* _EXERCISE_
I would like the lines below, from the one with "Part circled in 3D model of assembly" through the one with "Moscow, Russia. 29th", copied exactly and without any pictures.

Records from a collection
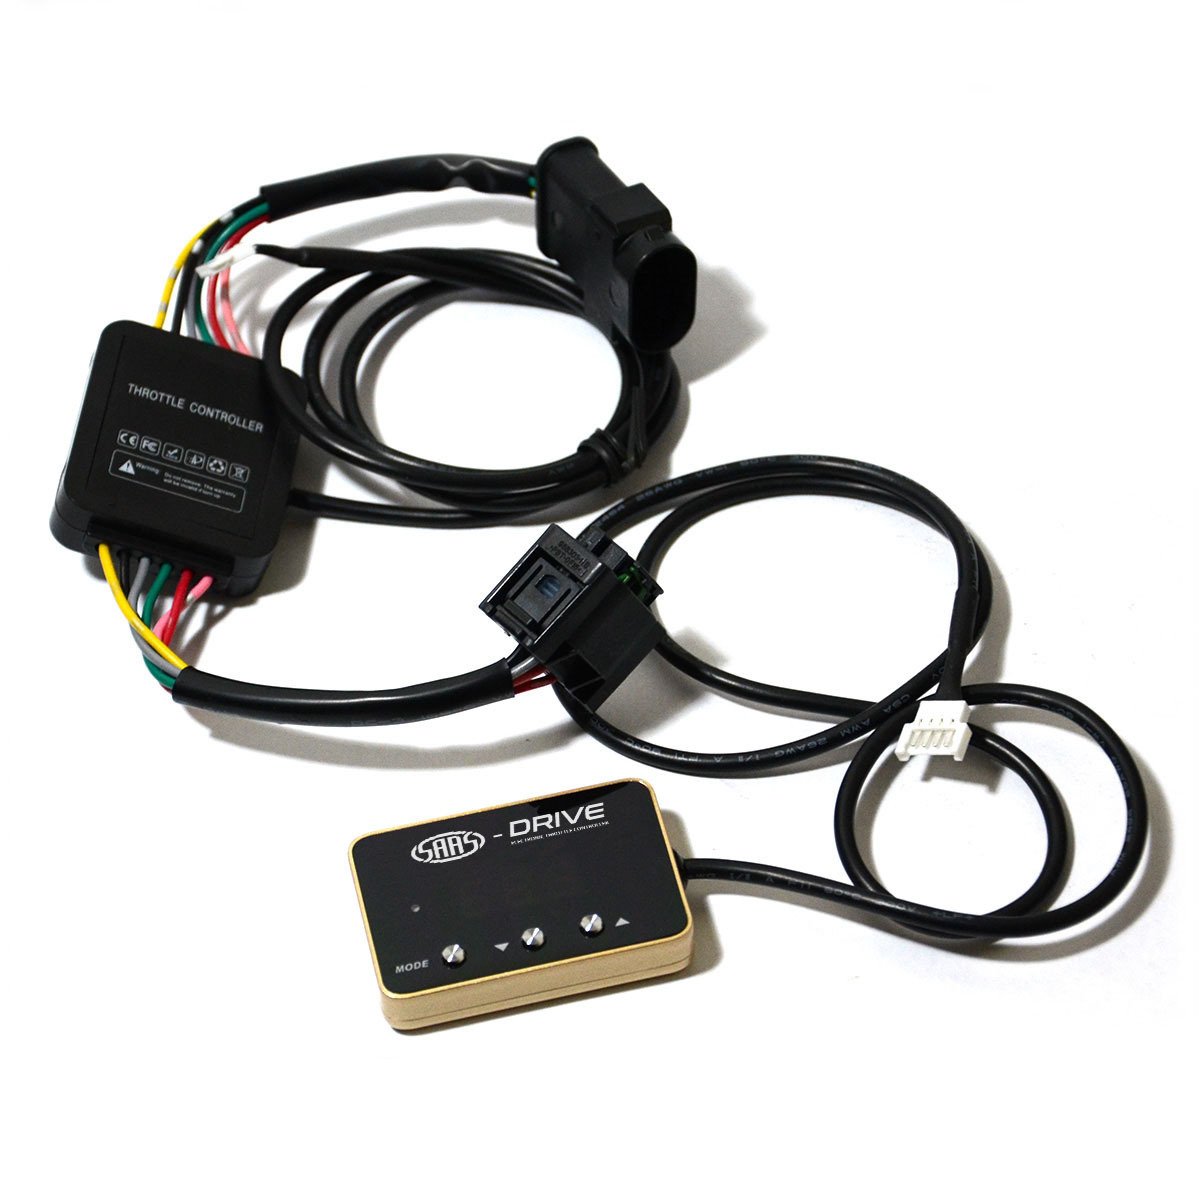 SAAS-Drive Great Wall X 240 2006 - 2012 Throttle Controller 
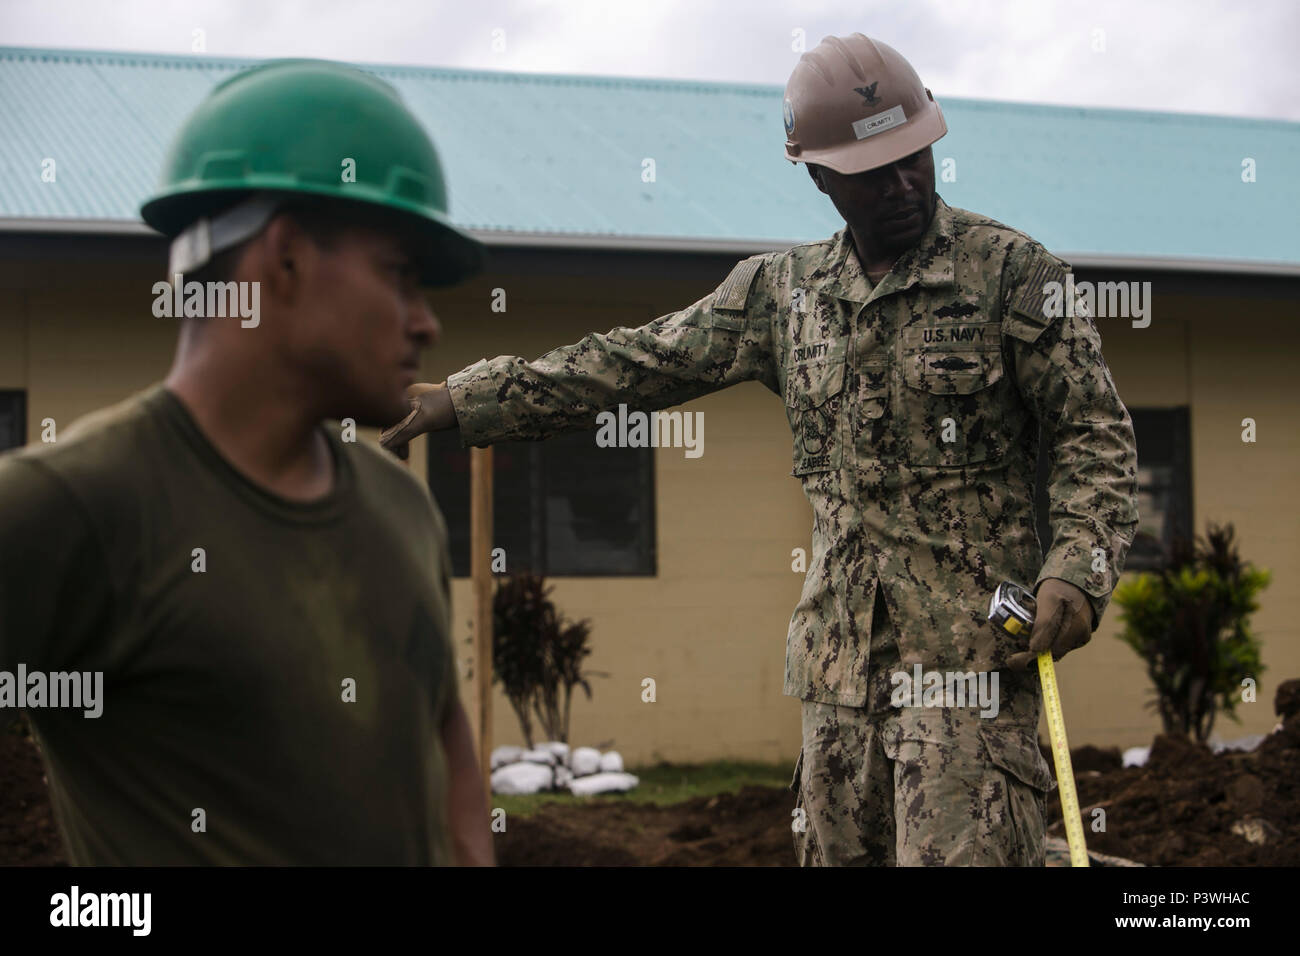 CAWACI, OVALAU, Fiji — Petty Officer Second Class Ray F. Crumity (Right) and Lance Cpl. J Guadelupe Venegas take a break from digging during vertical construction training, July 8, 2016, on Ovalau, Fiji. Marines and Sailors with Task Force Koa Moana conduct vertical construction training and infantry training on the island with members of the Republic of Fiji Military Force to increase interoperability and relations. Crumity, from Moreno Valley, California, is a steel worker with the task force, originally assigned to Company E, Naval Mobile Construction Battalion 4. Venegas, from San Gabriel, Stock Photo
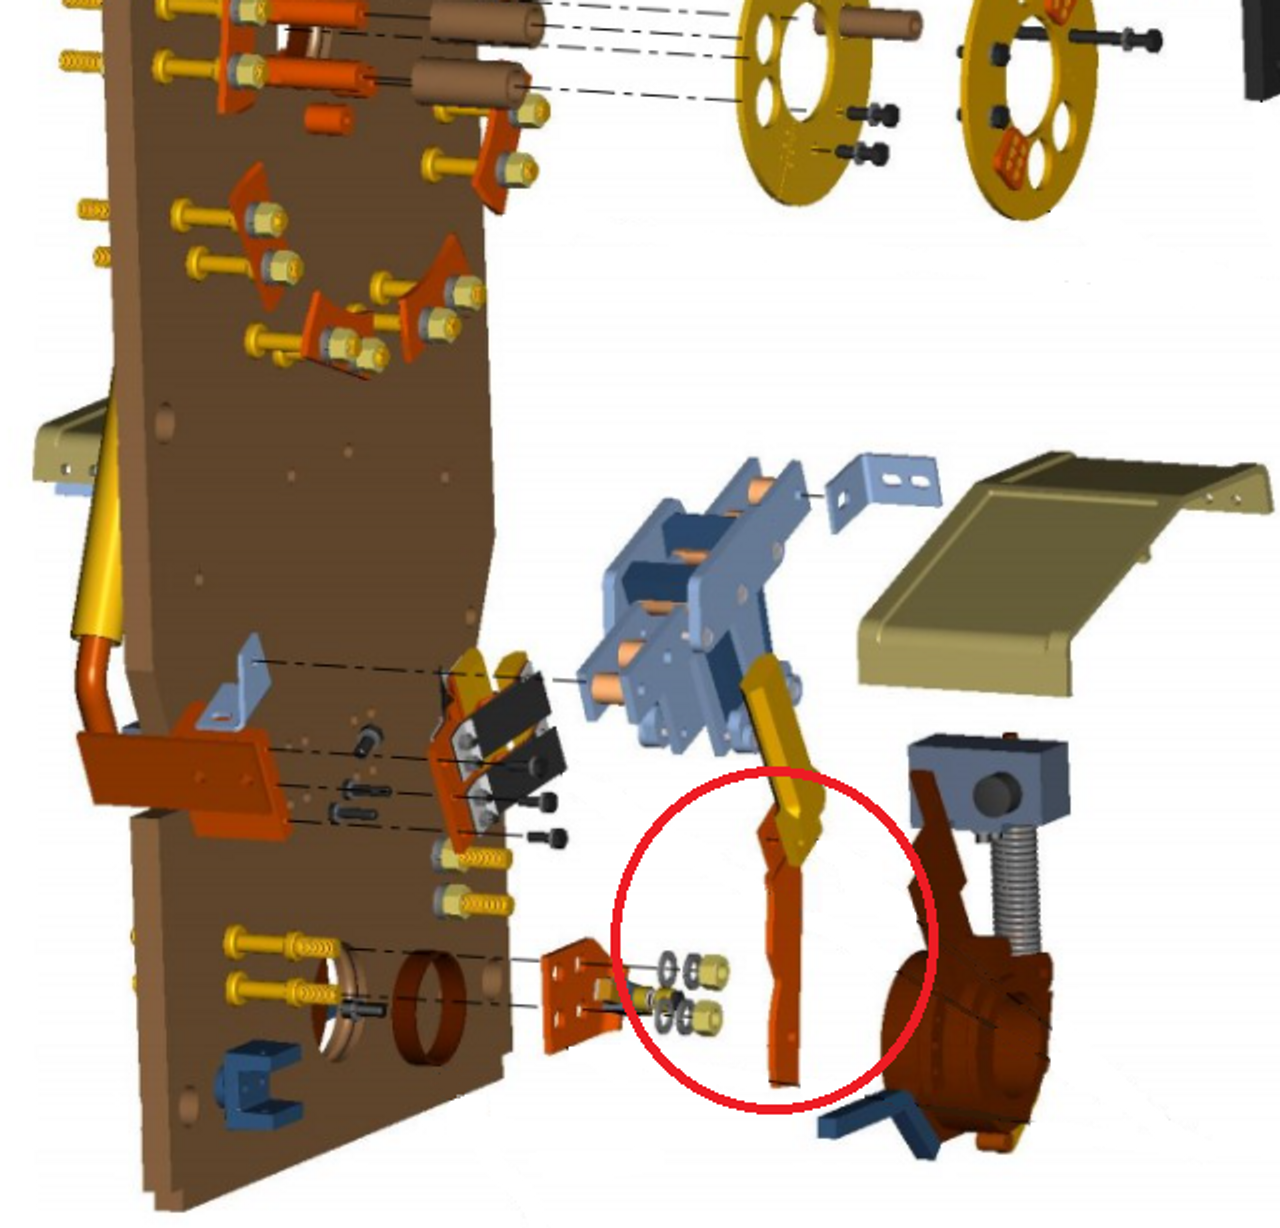 Part circled in 3D model of assembly
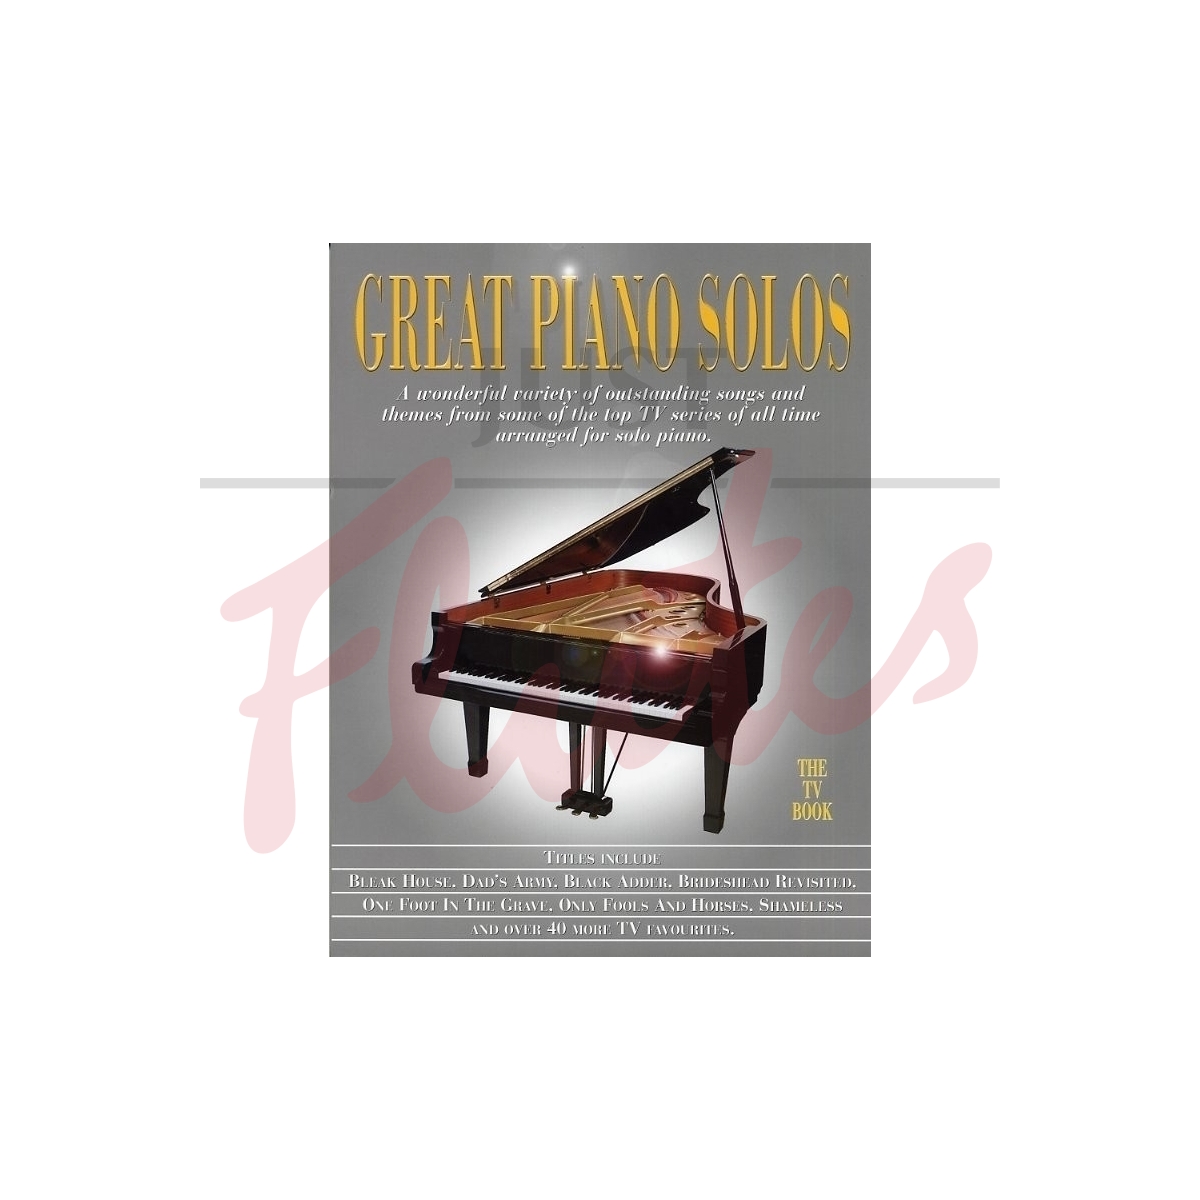 Great Piano Solos: The TV Book
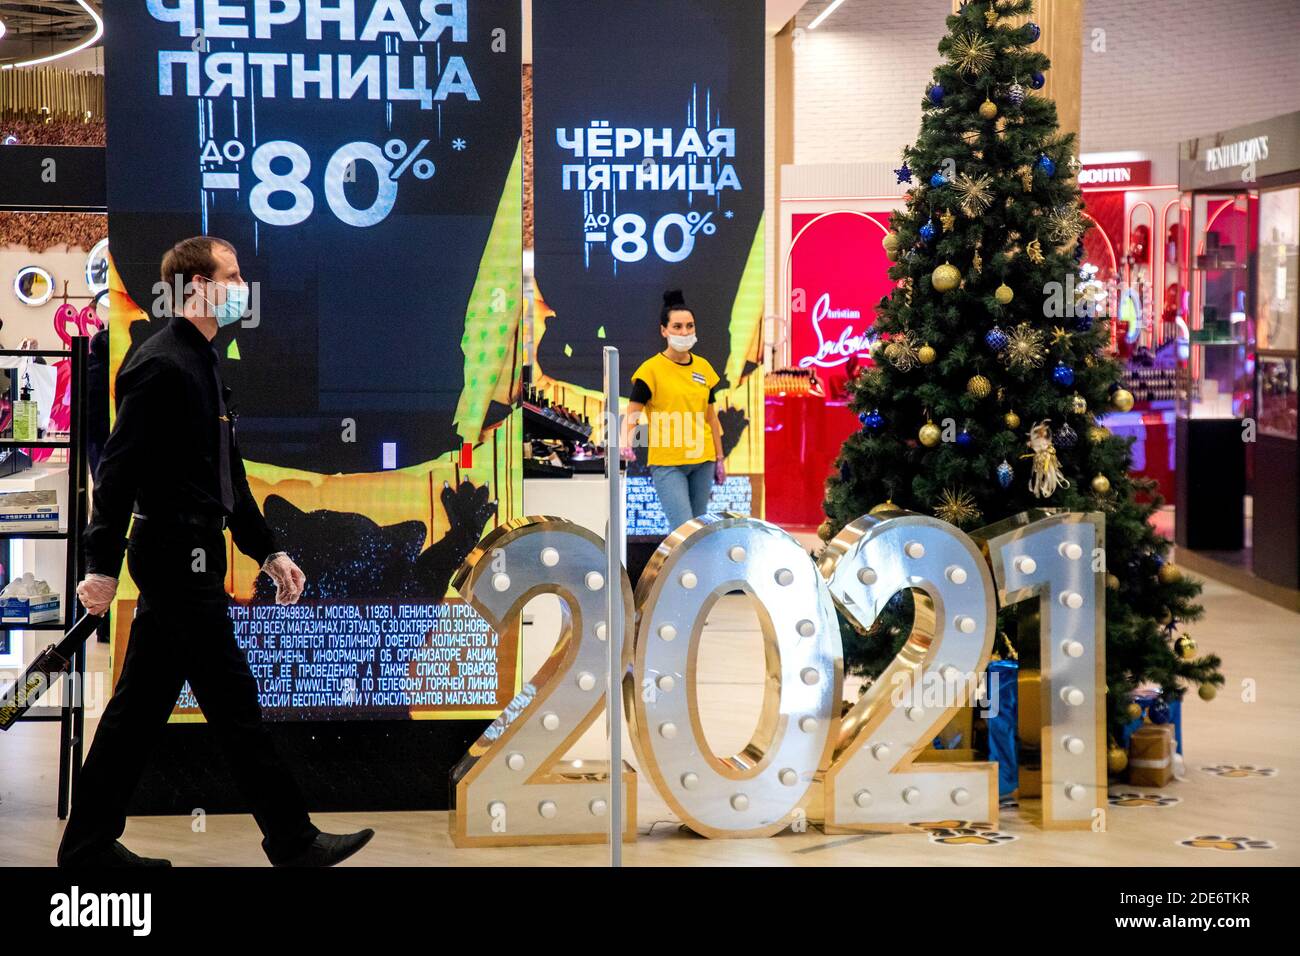 Moscow, Russia. 29th of November, 2020 employees perfume shop wearing face mask in the Aviapark shopping mall on the Black Friday sales days during the novel coronavirus COVID-19 pandemic in Russia. The posters read "Black Friday". The term Black Friday was coined in the United States in the 1960s; it refers to the Friday following Thanksgiving Day celebrated in the US on the fourth Thursday of November. Being the biggest shopping event of the year, Black Friday opens the Christmas shopping season Stock Photo
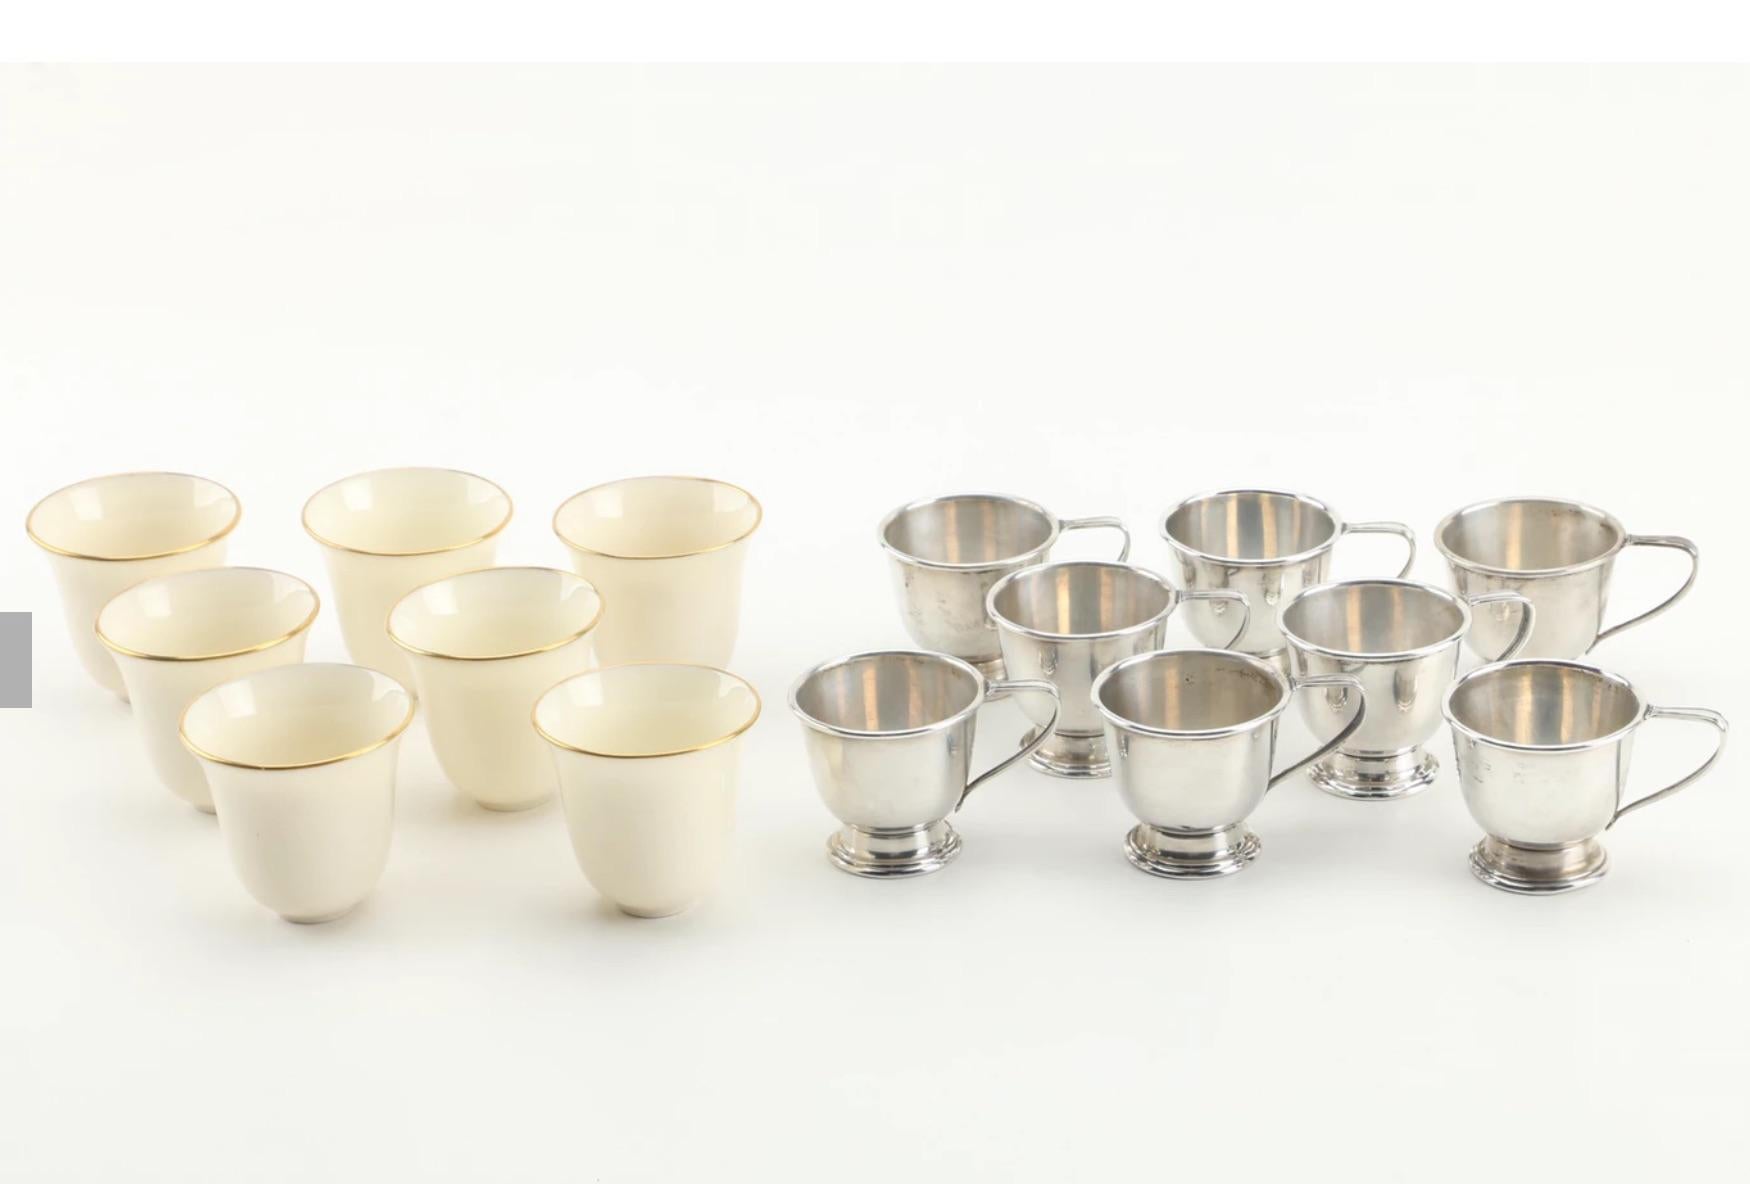 Lovely set of 24 pcs.- International Silver Co. 8 Sterling demitasse cups and 8 saucers with 8 Lenox porcelain inserts.
A vintage demitasse cup and saucer set by the International Silver Company and Lenox. The collection features eight round

* _TASK ANSWER_
 Part circled in 3D model of assembly
 Great Piano Solos: The TV Book
 Moscow, Russia. 29th of November, 2020 employees perfume shop wearing face mask in the Aviapark shopping mall on the Black Friday sales days during the novel coronavirus COVID-19 pandemic in Russia. The posters read "Black Friday". The term Black Friday was coined in the United States in the 1960s; it refers to the Friday following Thanksgiving Day celebrated in the US on the fourth Thursday of November. Being the biggest shopping event of the year, Black Friday opens the Christmas shopping season Stock Photo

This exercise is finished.